You can’t lift the same weight for 5 months and continue to build muscle. Similarly, you can’t eat the same amount for months and months and expect it to cause weight loss or weight gain, you will eventually just maintain.
Continue to change your routine in the gym and the kitchen to keep your body up to speed.
I try to never hide the less glamorous parts of the journey. It's easy to only post the "after" pictures or your best moments or throwback to being stage lean constantly. But how did you get there? You worked. And you endured. And that is something to be equally proud of. If you have an after picture it means you came from somewhere and didn't give up. The left picture was the end of my bulk last year. I was eating in a large surplus and gained more than I needed to. BUT I loved doing it. Why? Because I NEEDED it. Mentally. Every time I thought about cutting or eating less I got huge anxiety. I dreaded the thought. I wasn't ready to go back to a dieting mentality so I didn't. I was eating a ton and loving every minute. I was really happy with my life. I loved the way I looked too! Because I was happy internally I could be happy externally. I knew if I went back to cutting before I was truly ready and eager to do so, I would be miserable. NEVER rush into a diet if you're not mentally ready. Goals shouldn't be torture. When I was finally ready to cut again, it's because I was genuinely excited to set some new physique goals and change up my nutrition. And I succeeded because I really wanted it.

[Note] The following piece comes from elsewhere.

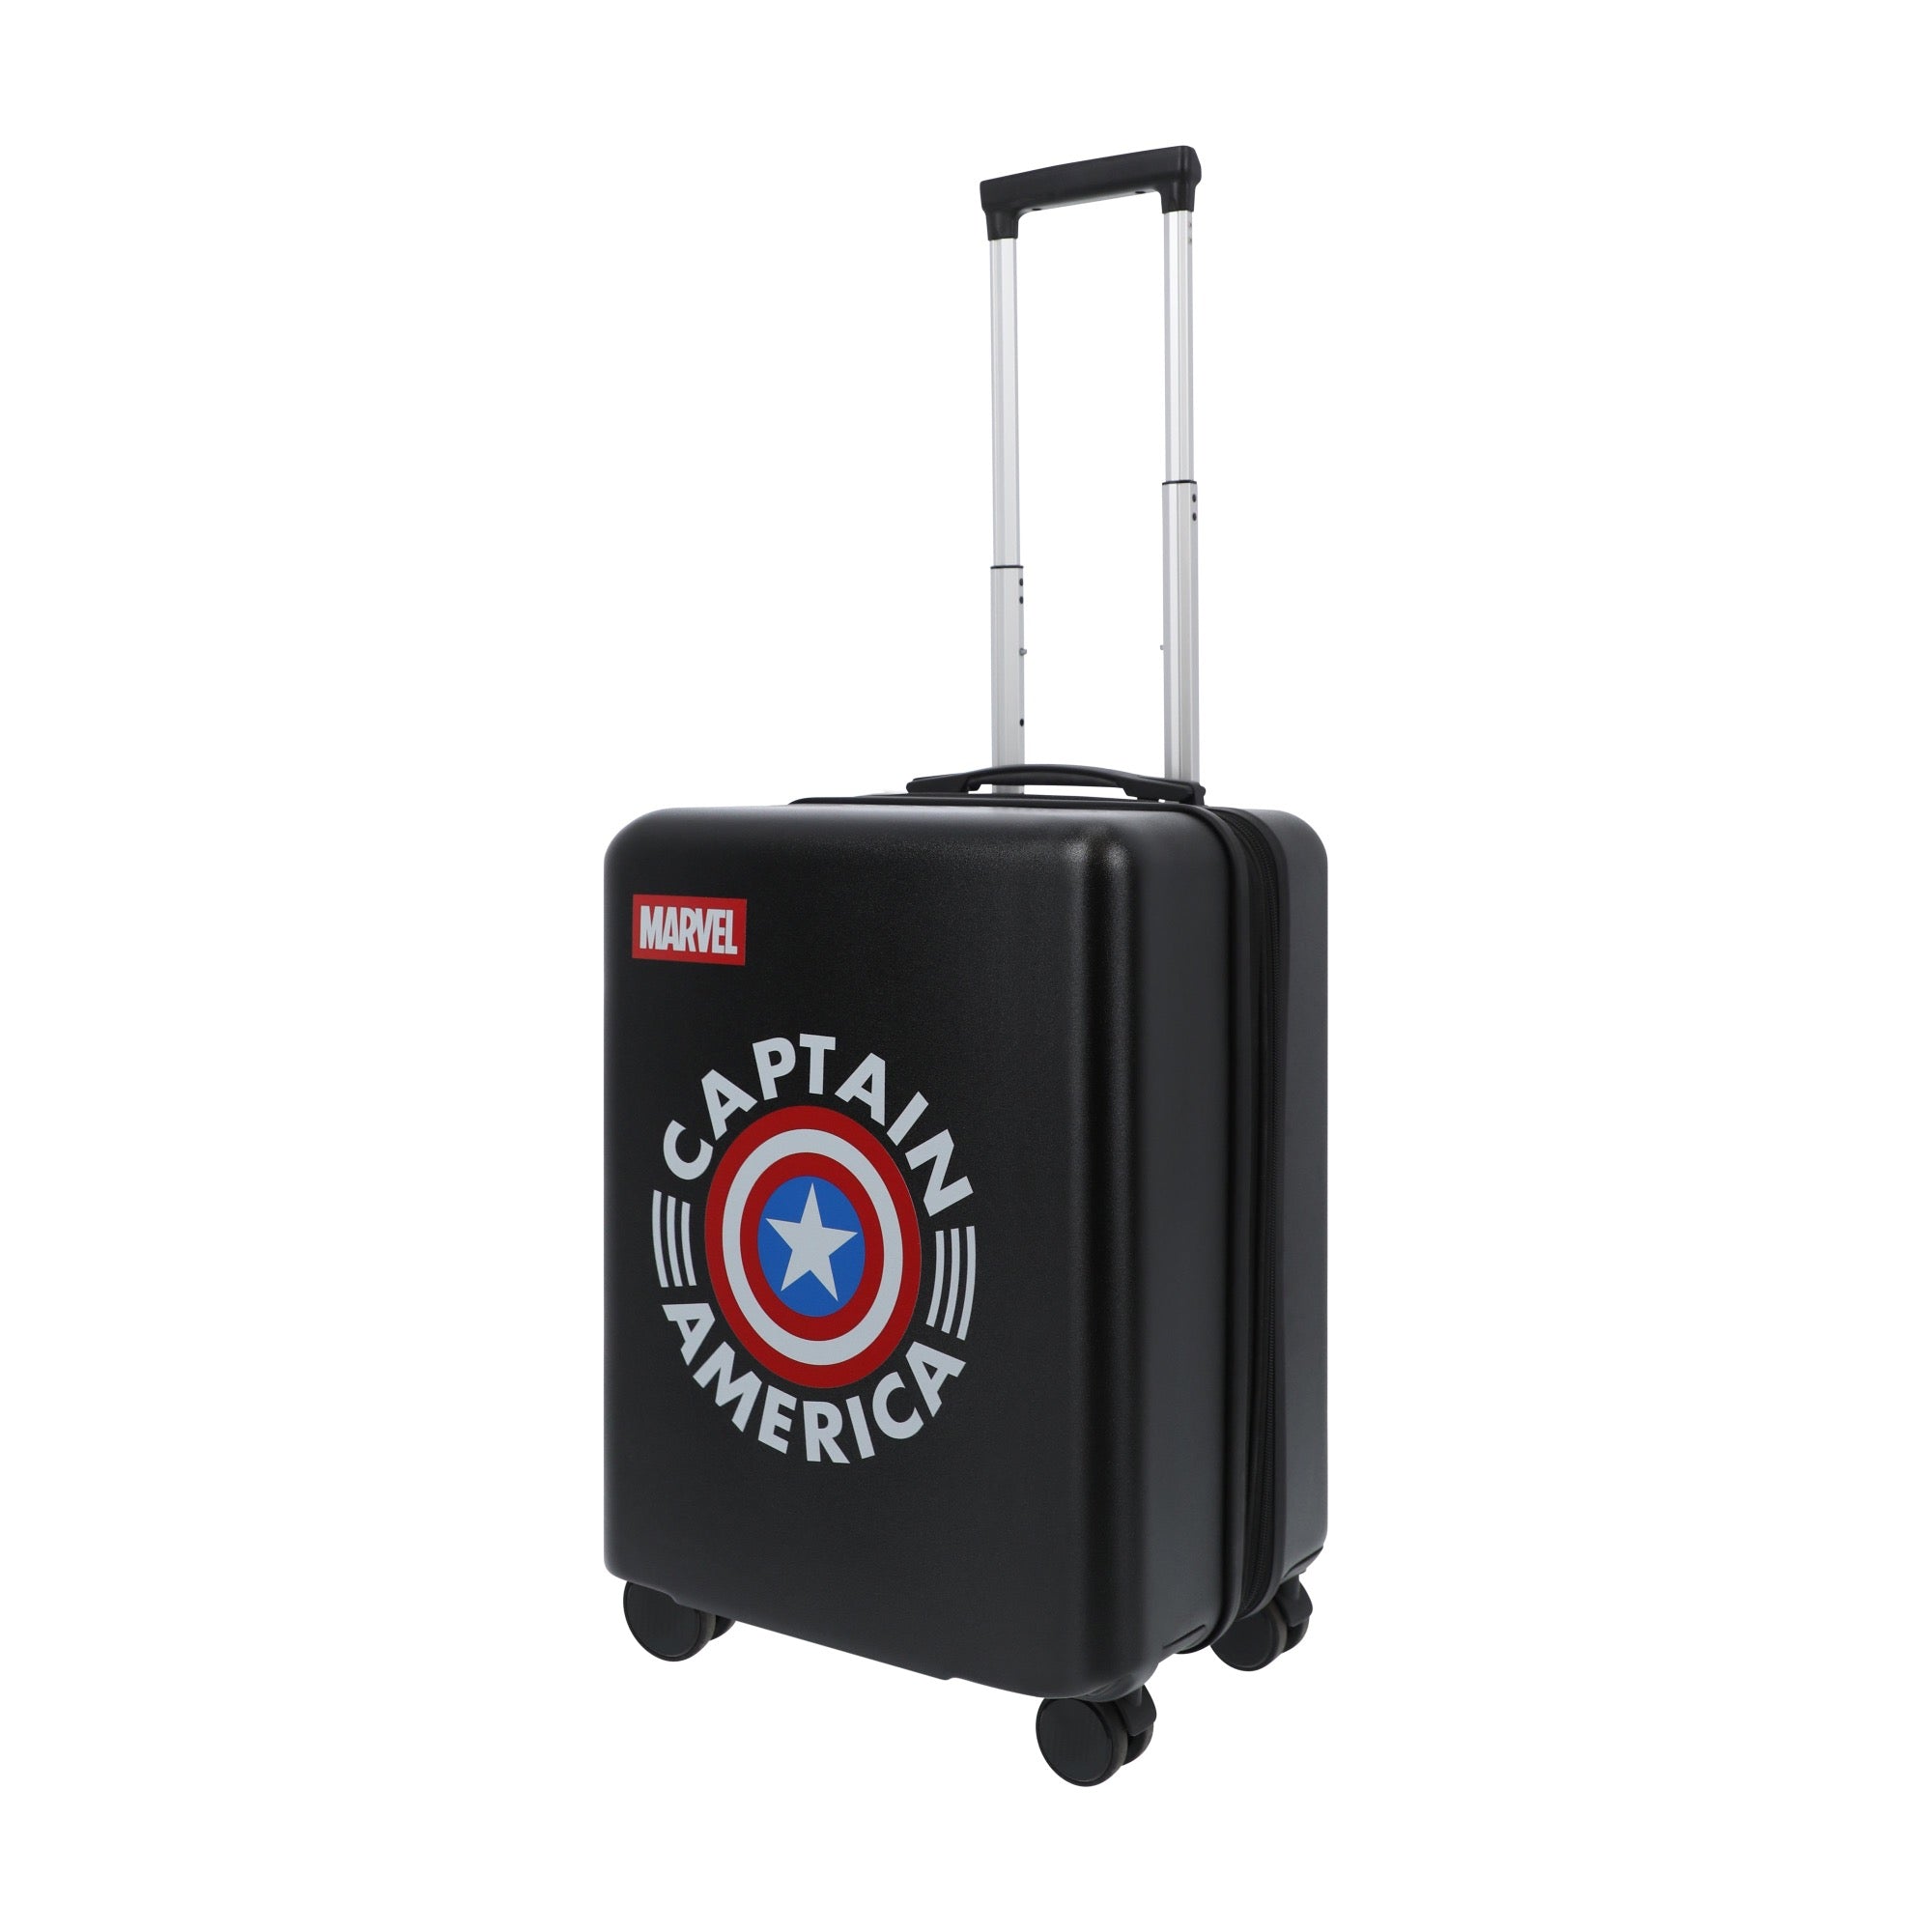 Black marvel captain america 22.5" carry-on spinner suitcase luggage by Ful
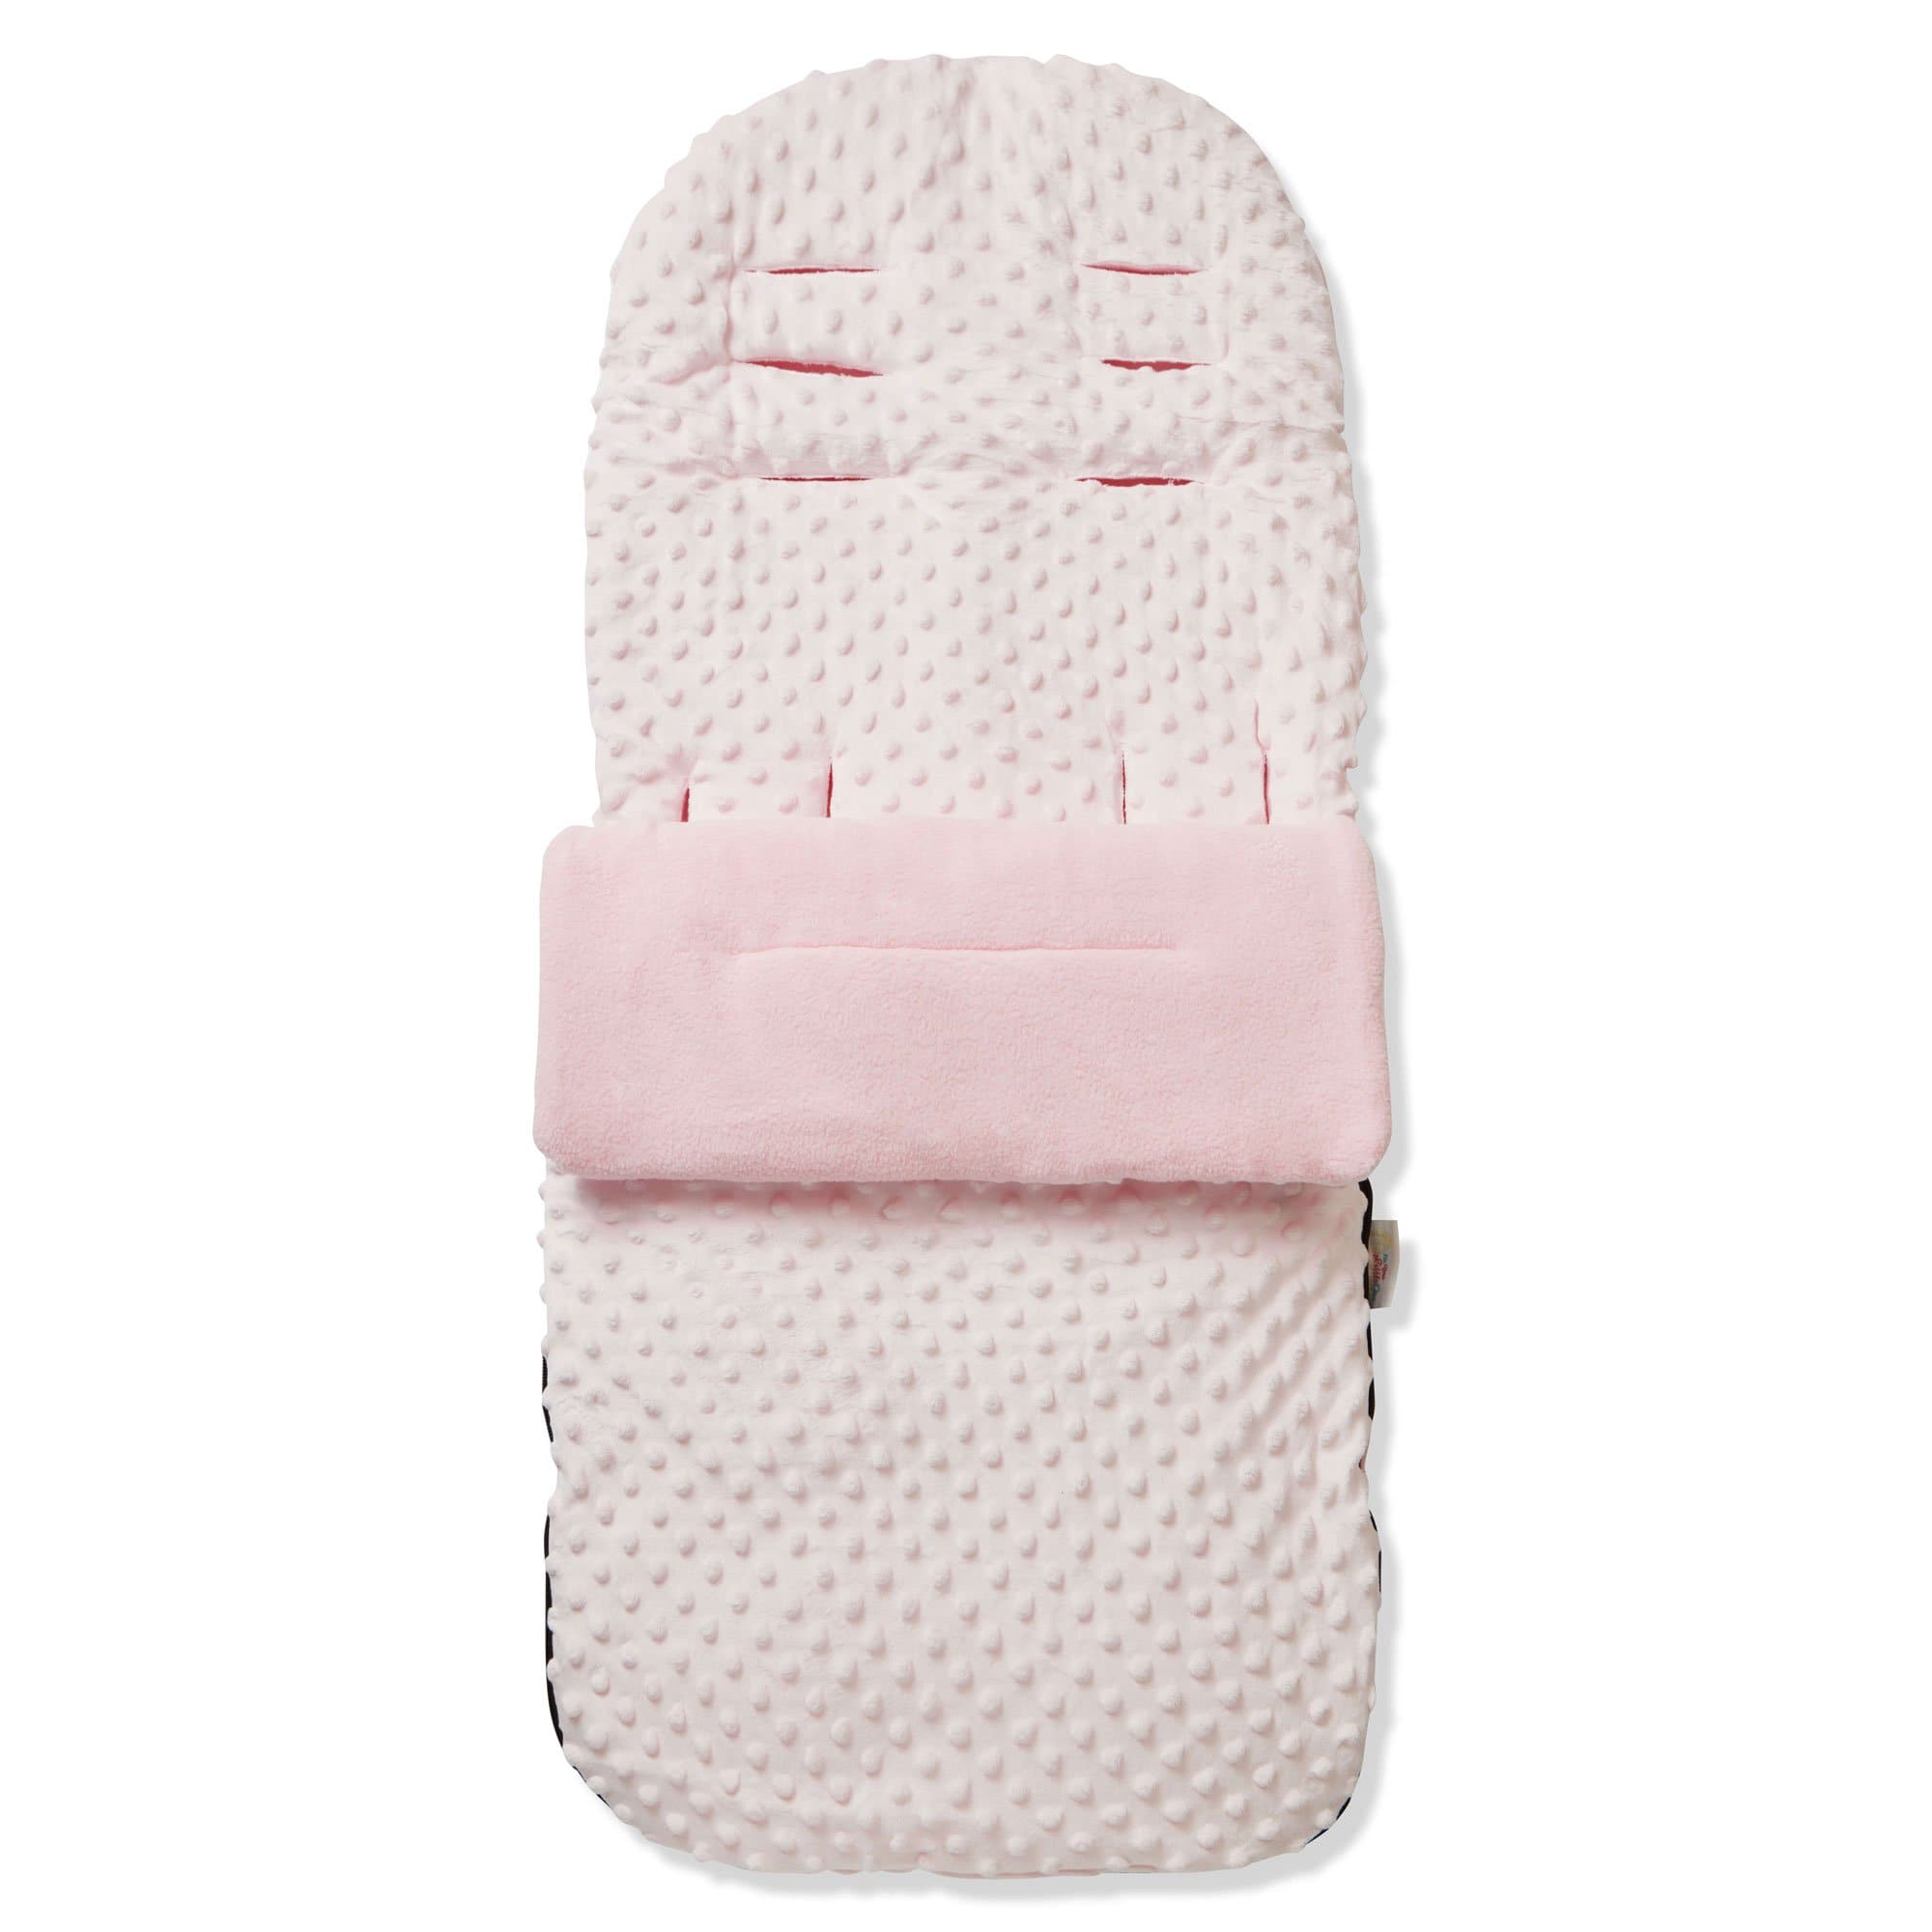 Dimple Footmuff / Cosy Toes Compatible with Egg - For Your Little One

Metabolic adaptation may be an unfortunate side effect of under eating and long term dieting, but the good news is that it is not permanent!
When we diet, we lower calories, increase our activity level, lose body mass, and inevitably cause our metabolism to slow down.
To take your metabolism from tortoise to race horse, make sure you are eating enough.
Exercise regularly, but not to the point where you are under-fueled and overworked.
All hope is not lost when you hit a fat loss plateau after months of dieting, it is simply your body’s way of telling you to step off the gas and fill the tank.